Yamaguchi Ken, Ichinohe Kanto, Iyadomi Mizuki, Fujiki Kazuya, Yoshinaga Yutaka, Egashira Ryoko, Nakazono Takahiko
Department of Radiology, Faculty of Medicine, Saga University, Saga, Saga, Japan.
Magn Reson Med Sci. 2025 Jul 1;24(3):315-331. doi: 10.2463/mrms.rev.2024-0158. Epub 2025 Mar 5.
The early detection and treatment of breast cancer is extremely important for extending patients' outcomes. Breast MRI has high sensitivity for the detection of breast cancer and plays an important role in breast cancer diagnosis and treatment, but conventional dynamic contrast-enhanced (DCE) MRI may be too time-consuming for breast cancer screening purposes. Abbreviated MRI is a technique that can be applied within a short time, as usually only the pre-contrast and first post-contrast images from the dynamic study or additional T2-weighted imaging are used. Abbreviated MRI may thus be suitable for breast cancer screening. In addition, its diagnostic performance for differentiating benign and malignant breast lesions is superior to that of breast tomosynthesis and comparable to that of conventional DCE MRI. The usefulness of abbreviated MRI for patients with a history of breast cancer and in clinical settings has been described, but the specificity of abbreviated DCE MRI is slightly lower than that of conventional DCE MRI. Ultrafast DCE MRI is a technique that obtains kinetic information by capturing multiple time phases in a short time scan in the very early phase after the injection of contrast material. Various parameters, including the maximum slope and time to enhancement can be used to evaluate kinetic information. Based on this kinetic information, ultrafast DCE MRI can differentiate between benign and malignant breast lesions. Since background parenchymal enhancement (BPE) is weak in the very early phase after a contrast media injection, ultrafast DCE MRI is also useful for identifying lesions in patients with marked BPE on conventional DCE MRI. In addition, ultrafast DCE MRI is useful for predicting the prognostic marker status of breast cancer, assessing the effectiveness of neoadjuvant therapy, examining MRI-detected lesions before surgery, and morphological assessments.

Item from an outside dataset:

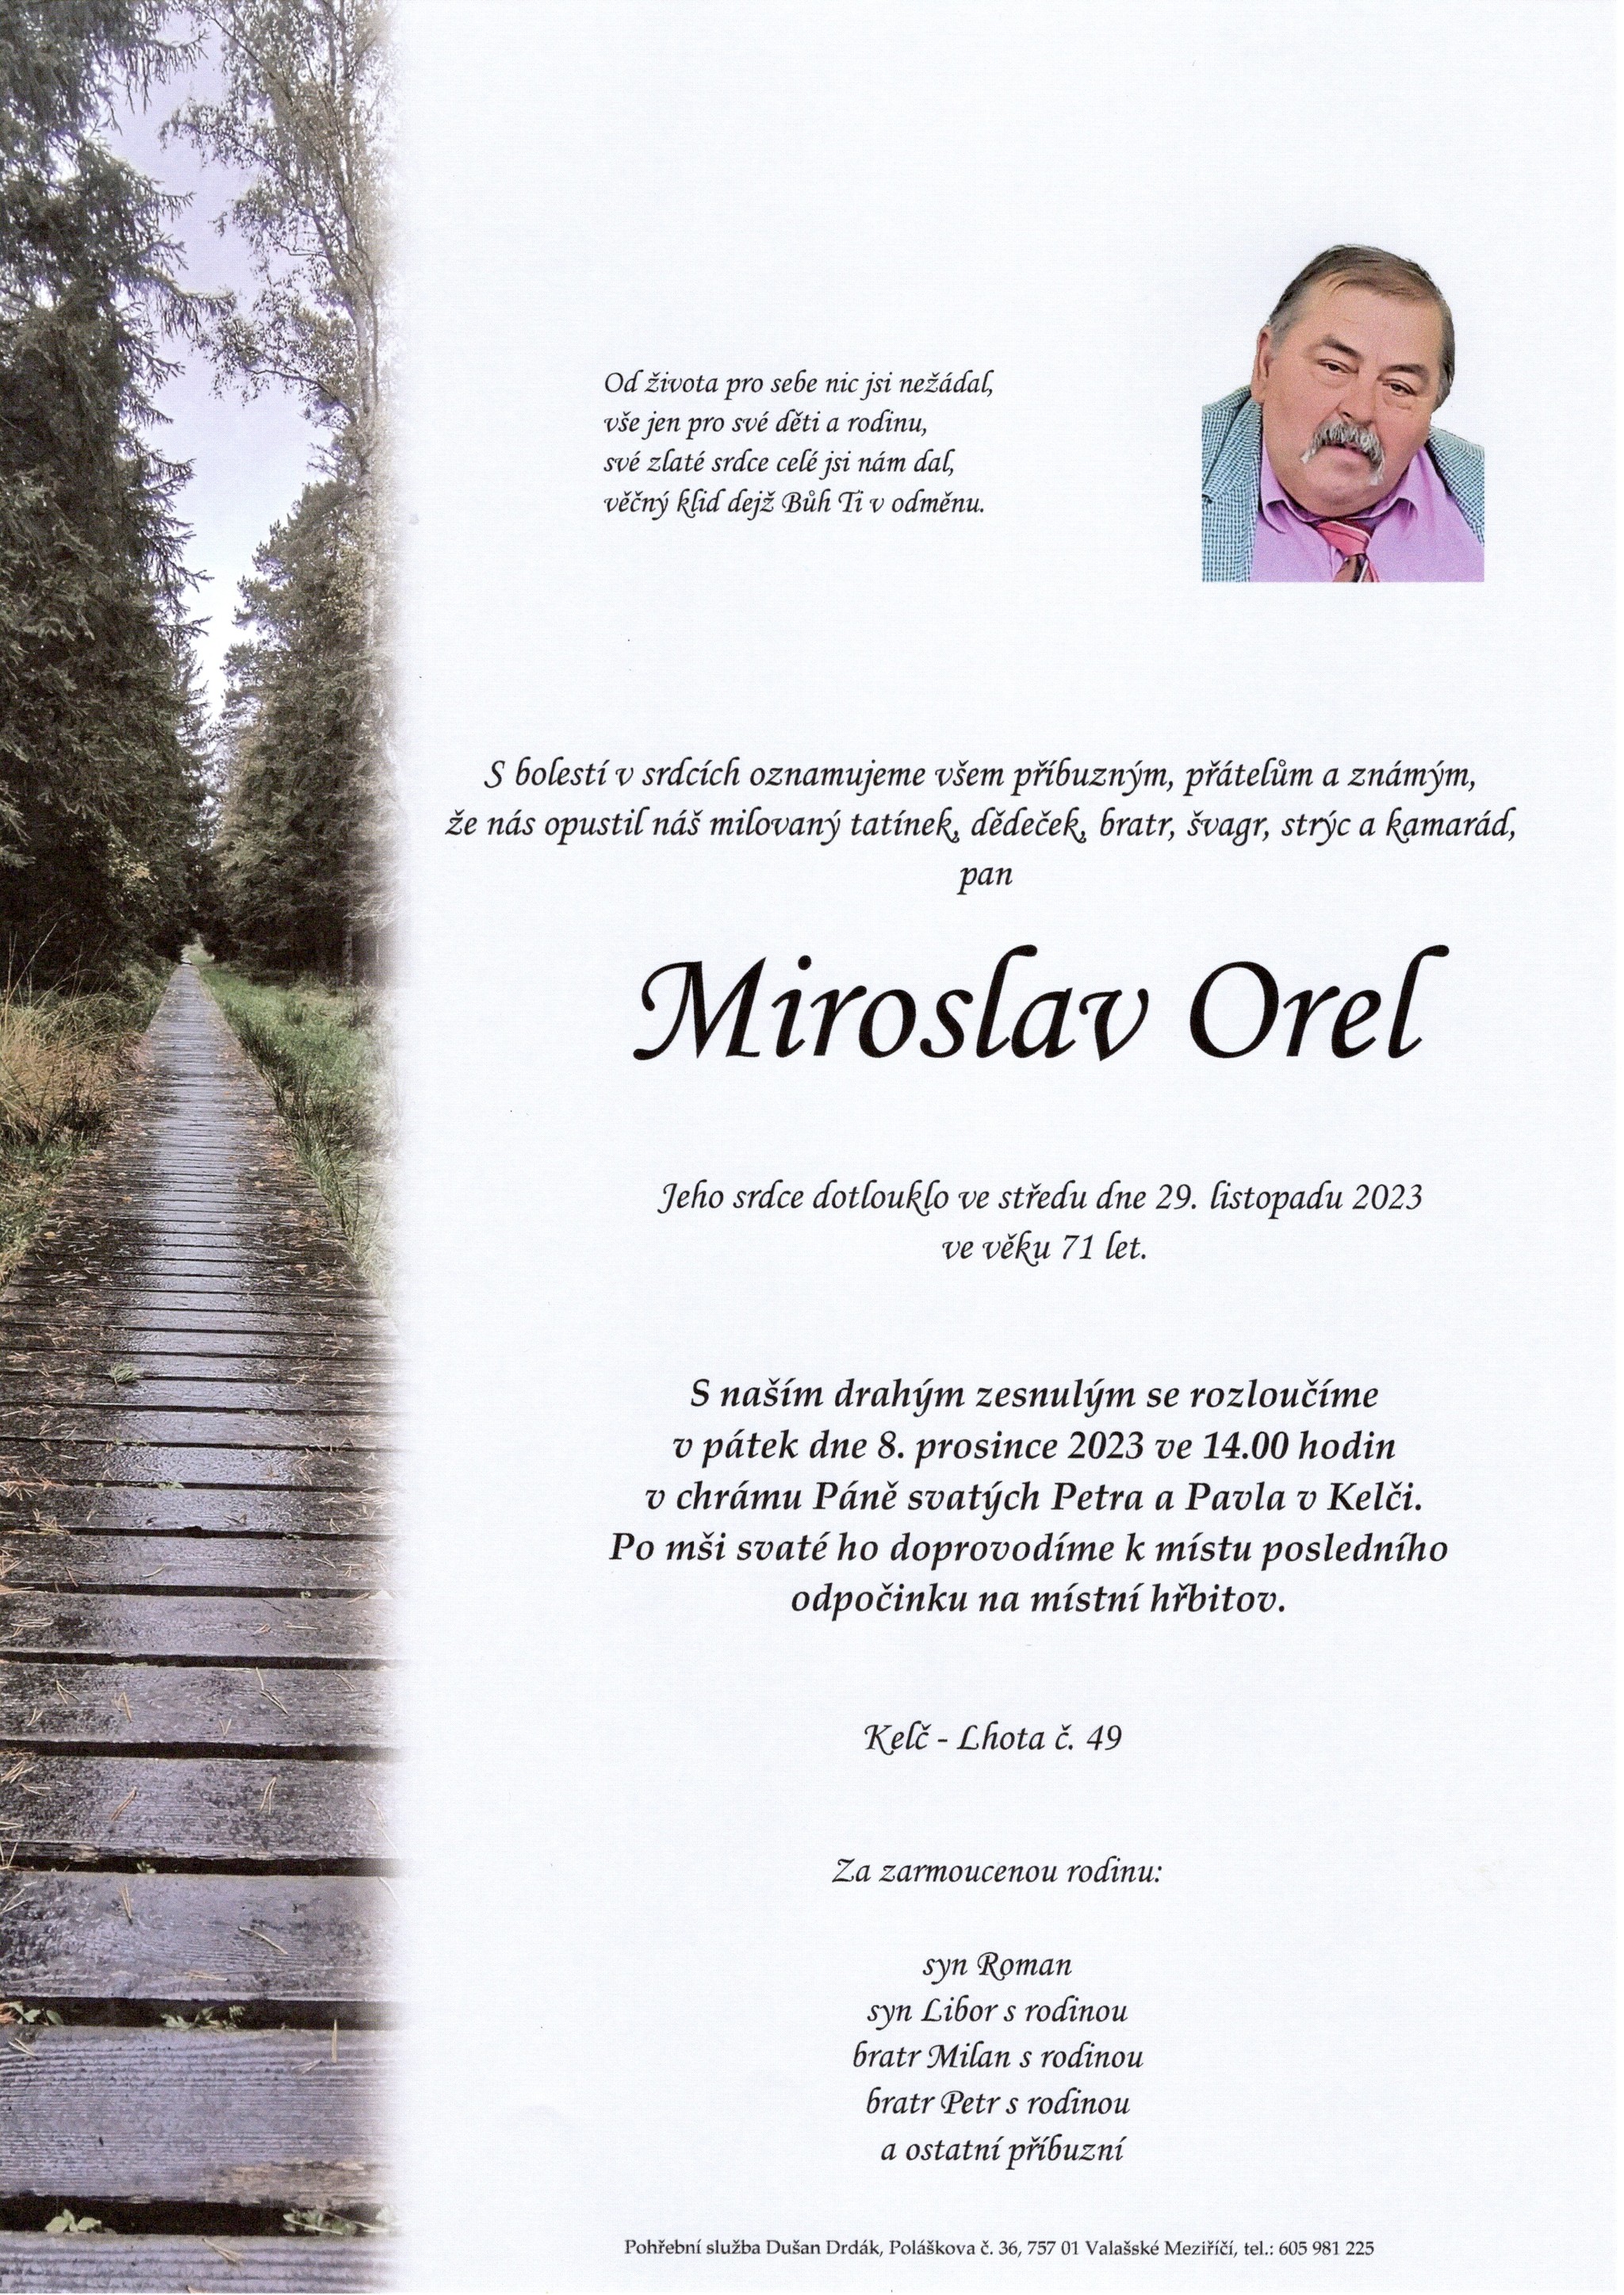 Miroslav Orel

乳腺癌的早期检测和治疗对于延长患者的预后极为重要。乳腺磁共振成像(MRI)对乳腺癌检测具有高灵敏度,在乳腺癌的诊断和治疗中发挥着重要作用,但传统的动态对比增强(DCE)MRI用于乳腺癌筛查可能耗时过长。简化MRI是一种可在短时间内应用的技术,通常仅使用动态研究的对比前和首次对比后图像或额外的T2加权成像。因此,简化MRI可能适用于乳腺癌筛查。此外,其鉴别乳腺良恶性病变的诊断性能优于乳腺断层合成,与传统DCE MRI相当。简化MRI在有乳腺癌病史的患者和临床环境中的实用性已有描述,但简化DCE MRI的特异性略低于传统DCE MRI。超快DCE MRI是一种在注射造影剂后的极早期通过短时间扫描捕获多个时间相来获取动力学信息的技术。包括最大斜率和强化时间在内的各种参数可用于评估动力学信息。基于此动力学信息,超快DCE MRI可区分乳腺良恶性病变。由于在注射造影剂后的极早期背景实质强化(BPE)较弱,超快DCE MRI对于在传统DCE MRI上有明显BPE的患者识别病变也很有用。此外,超快DCE MRI对于预测乳腺癌的预后标志物状态、评估新辅助治疗的有效性、术前检查MRI检测到的病变以及形态学评估也很有用。